Fusion360 with Squid proxy

Hi all, sorry I am quite new to ipfire and not experienced much with firewalls.
I have squid proxy in non transparent mode and a rule to block port 80/81/443 from source blue to destination red. Web-browsing is working over the proxy-port.
But when I start fusion360 CAD it will not open and I have a blocked connection on 443 (see log pic).
What rule would you advice me to put in place to mitigate this.
Thanks
mat

What client OS are you using? Is the proxy defined system wide? Maybe Fusion360 is not using the configured proxy?

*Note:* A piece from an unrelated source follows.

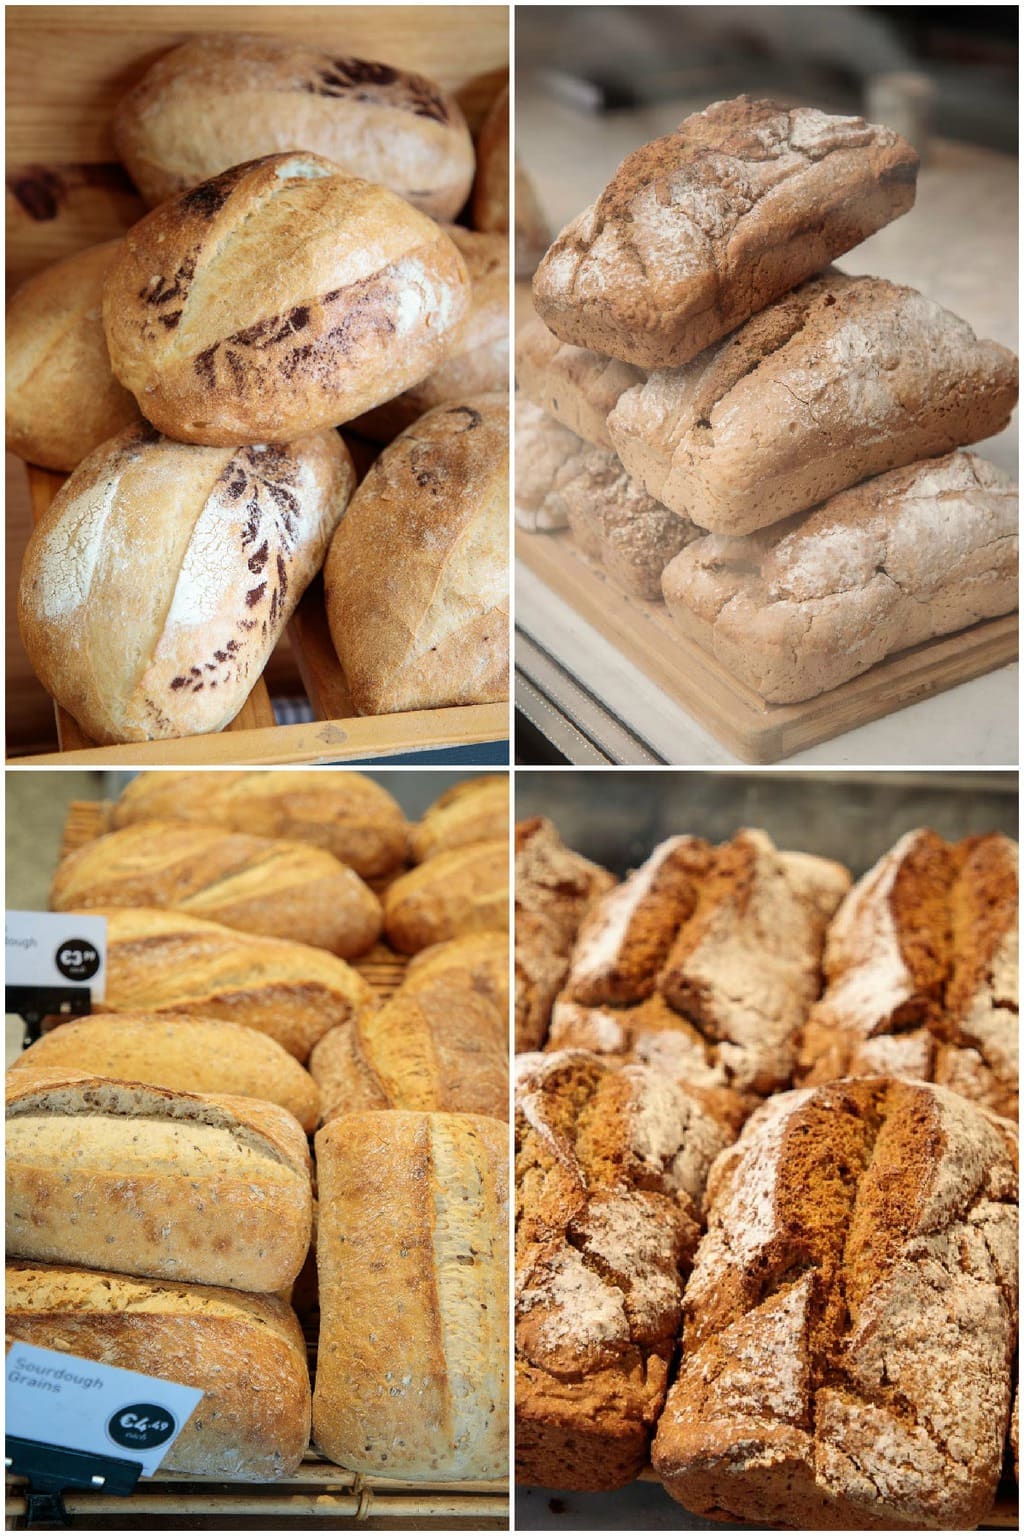 Phot of different types of Irish breads from a traditional Irish bakery.

If Fusion can’t be convinced to use the proxy, one solution could be to allow one by one connection in the ruleset, and see if Fusion starts working again. (The cloud-forcing thing of Fusion is pretty bad, from my perspective, but I like using it too)
wiesel

I am using Win10. I tried setting the proxy in fusion and it worked until I started it the next time.
Could you give me more details on how to set up a one by one connection ruleset?
thanks for the fast reply
mat

Like you did with the block rules, you just add allow rules above the block rules, with specific source, destination and port. So as an example: Source: 192.168.72.101 Destination: ui-dls360.autodesk.com Port: 443. It should be working with the hostname as destination, but I’m not 100% sure (And my IPFire is currently not working to be able to check …).

Hi,

hm, the log screenshot shipped you posted looks like at least the application is trying to access these FQDNs via the proxy. Otherwise, the proxy logs would be empty completely.

Could you post a screenshot of your proxy configuration please? Also, are you able to access any FQDN successfully via the proxy (to rule out a more general issue)?

Thanks, and best regards,
Peter Müller

Thanks for your reply, yes I can access FQDN via proxy.
I have no other issues beside starting fusion360 at the moment…
Best regards
Mat

Hi,

your proxy configuration looks fine to me.

At the moment, I have no idea other than intercepting all traffic between the client running that application, and IPFire’s proxy port. You can do so by installing the tcpdump add-on, capture the traffic and write it to a file (by using the -w option of tcpdump), and load the file into Wireshark or something similar.

If necessary, feel free to DM the file to me, and I can have a look at this traffic as well.

Thanks, and best regards,
Peter Müller

Hi
Sorry for being clumsy but I dont’ see how I can DM you. I see no letter in your avatar to click on…
Could my problem be related to the DNS?

Many thanks
Mat

5 posts were split to a new topic: Cannot send DM / PM

Hi Peter, I status was moved to basic user but I am still not able to DM you.
I can DM most others in Cannot send DM / PM though.